> **Data under study**
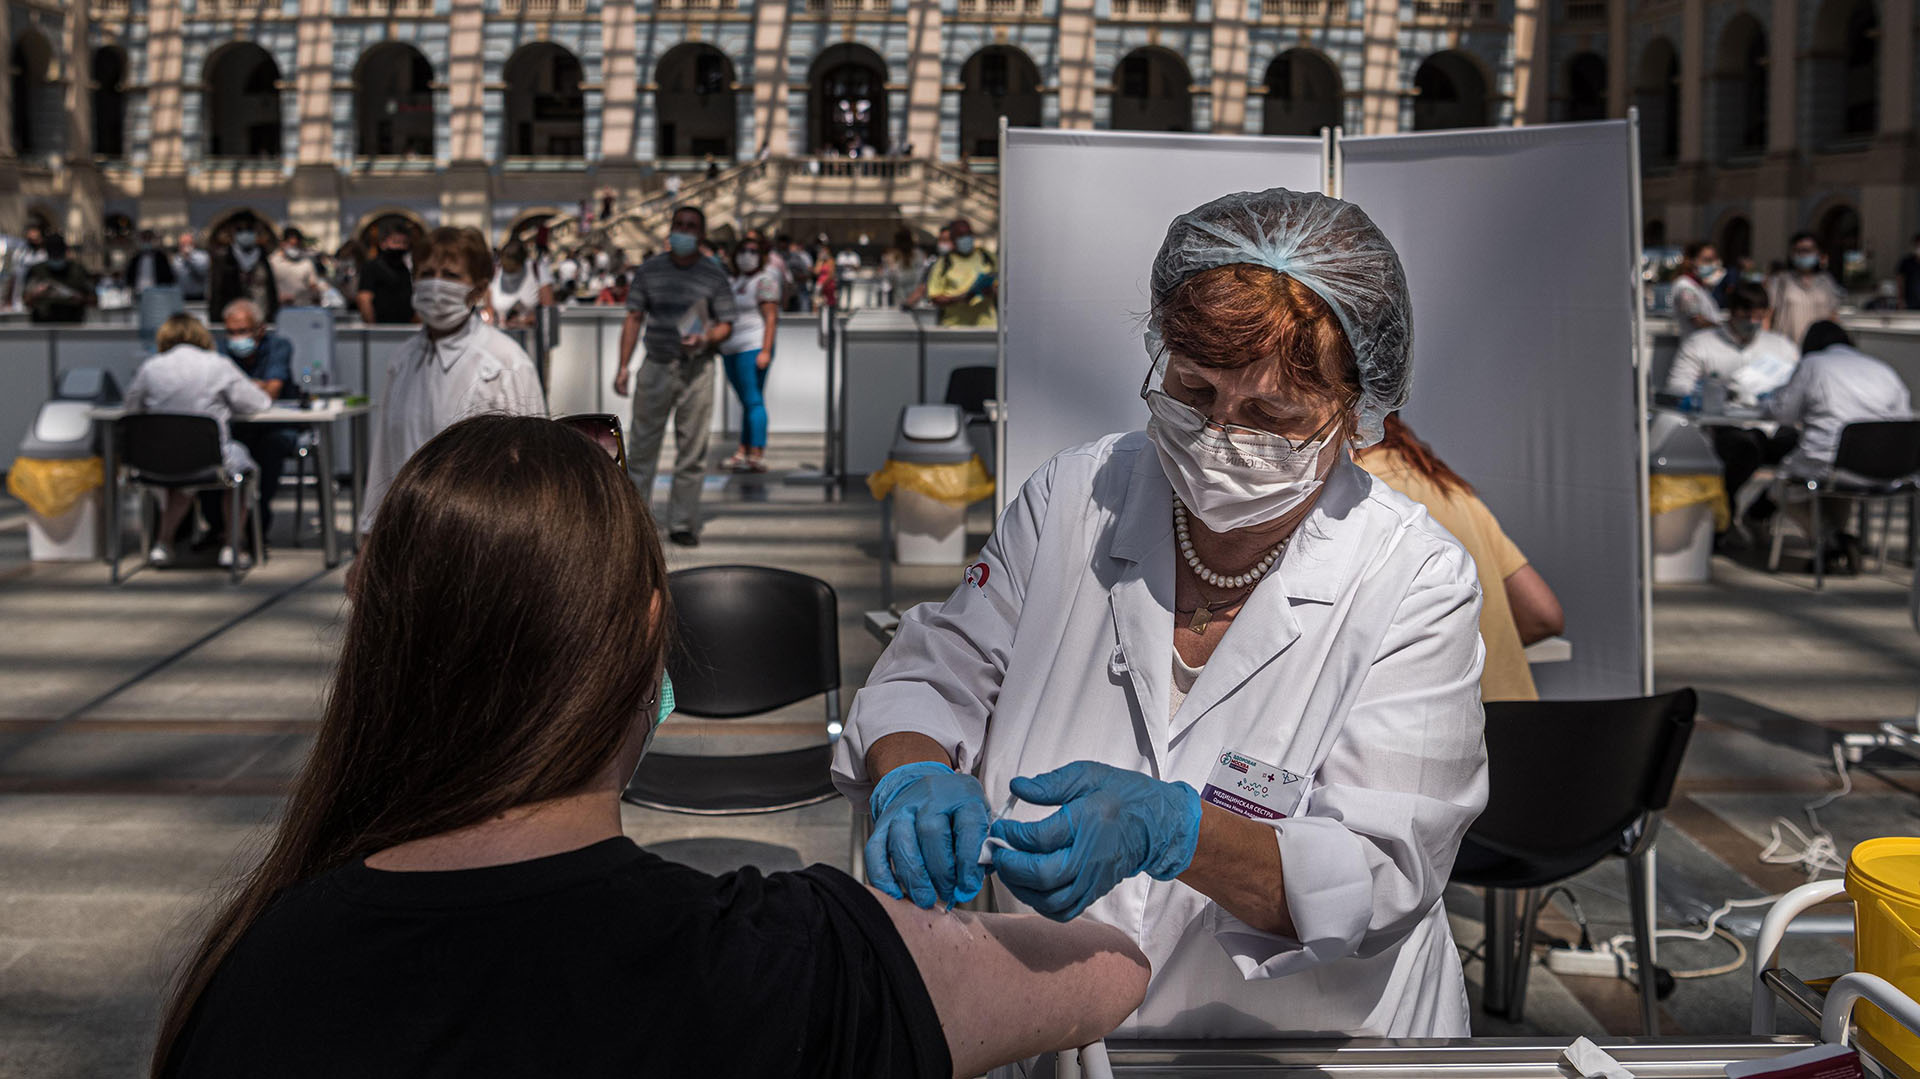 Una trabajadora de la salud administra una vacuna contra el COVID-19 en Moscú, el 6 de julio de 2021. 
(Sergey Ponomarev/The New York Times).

--

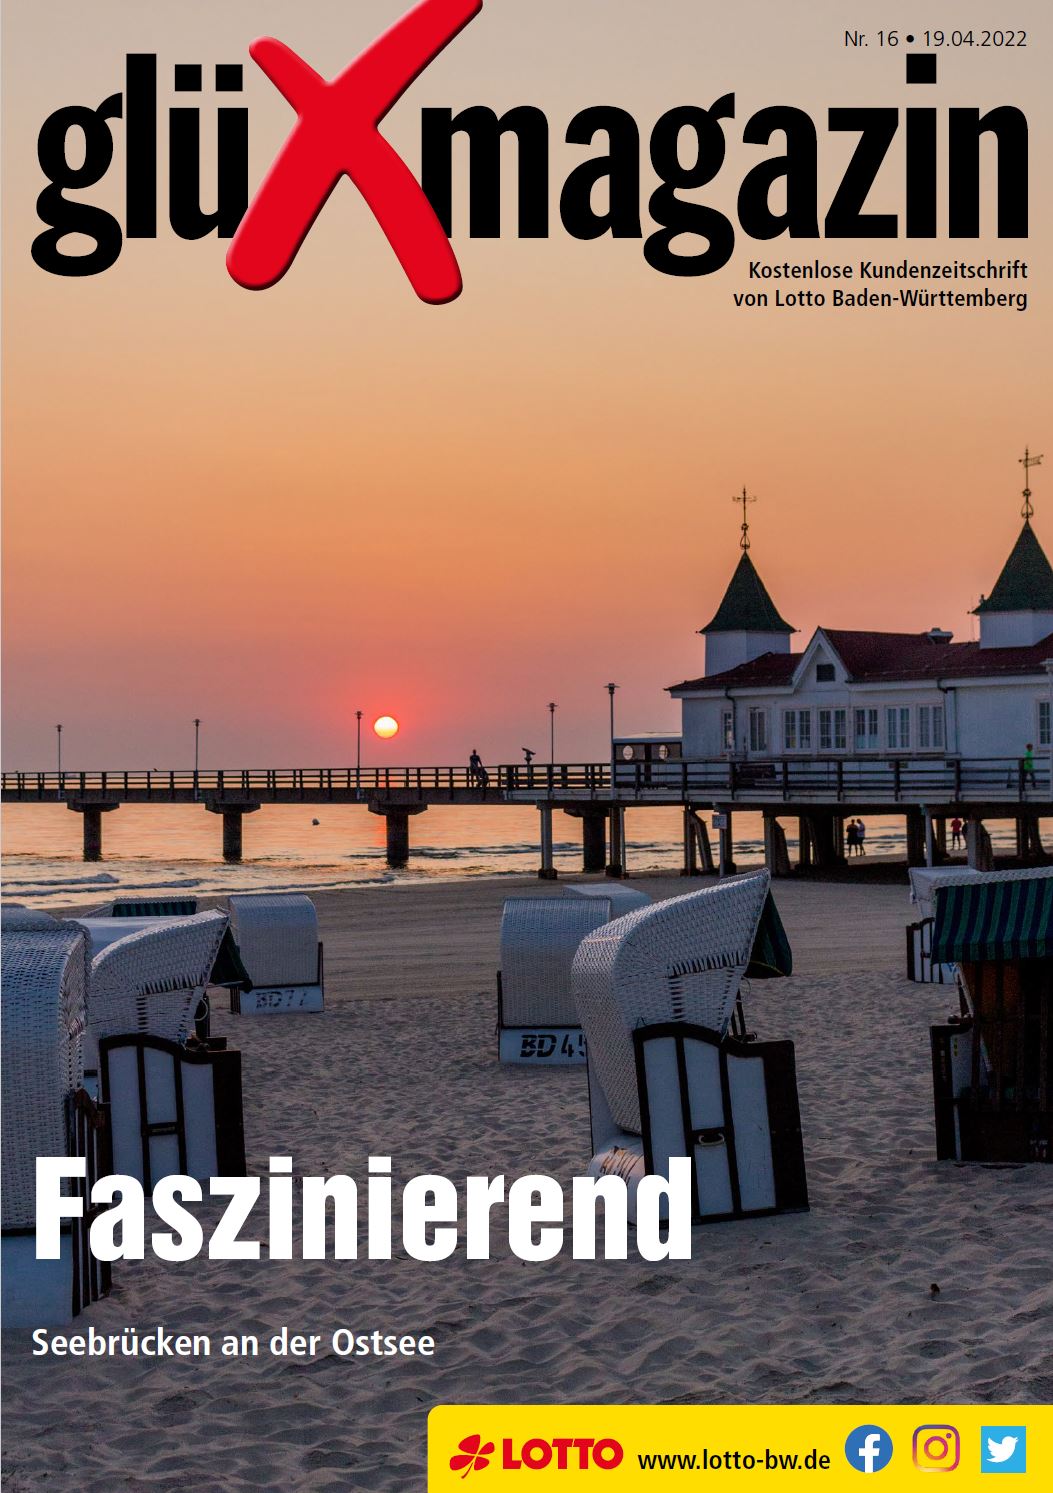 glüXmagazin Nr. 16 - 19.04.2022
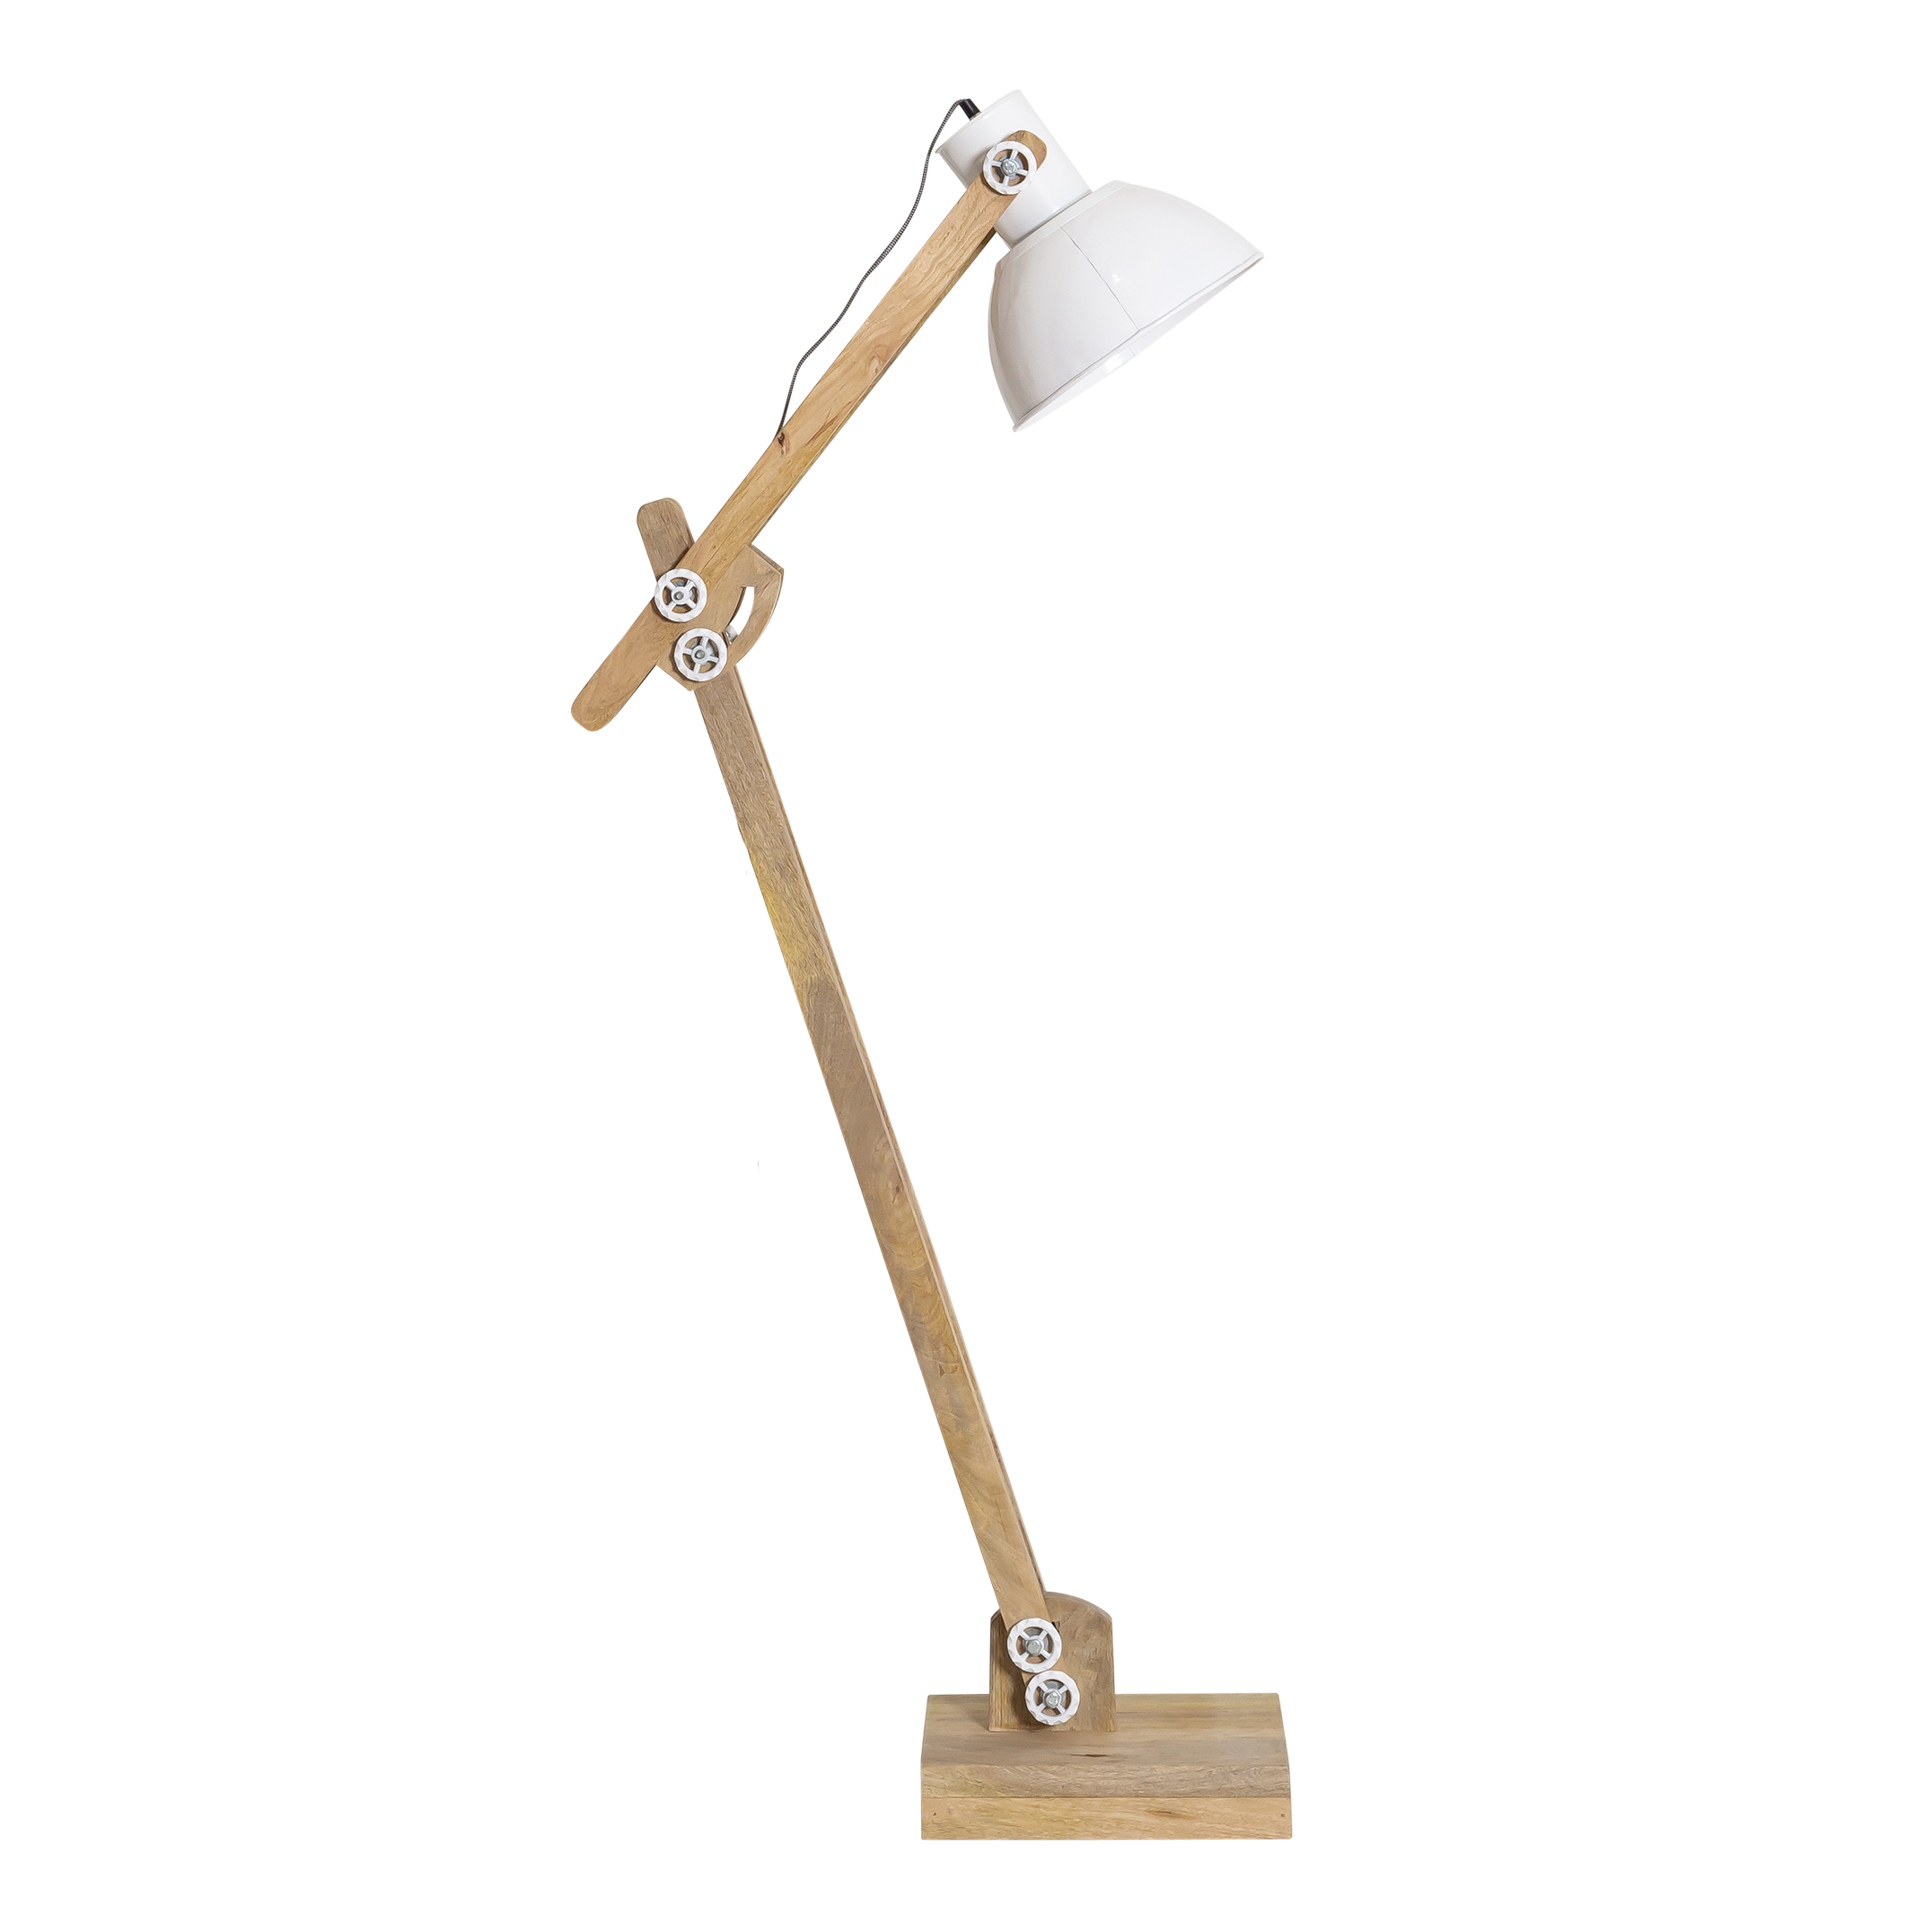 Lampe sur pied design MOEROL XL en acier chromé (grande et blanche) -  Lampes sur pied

> **Required work**
What is wanted is an exact copy of the lines above from the one containing "Una trabajadora de" through the one containing "(Sergey Ponomarev/The New York Times).", with no pictures in it.

> **Response area**
 Una trabajadora de la salud administra una vacuna contra el COVID-19 en Moscú, el 6 de julio de 2021. 
(Sergey Ponomarev/The New York Times).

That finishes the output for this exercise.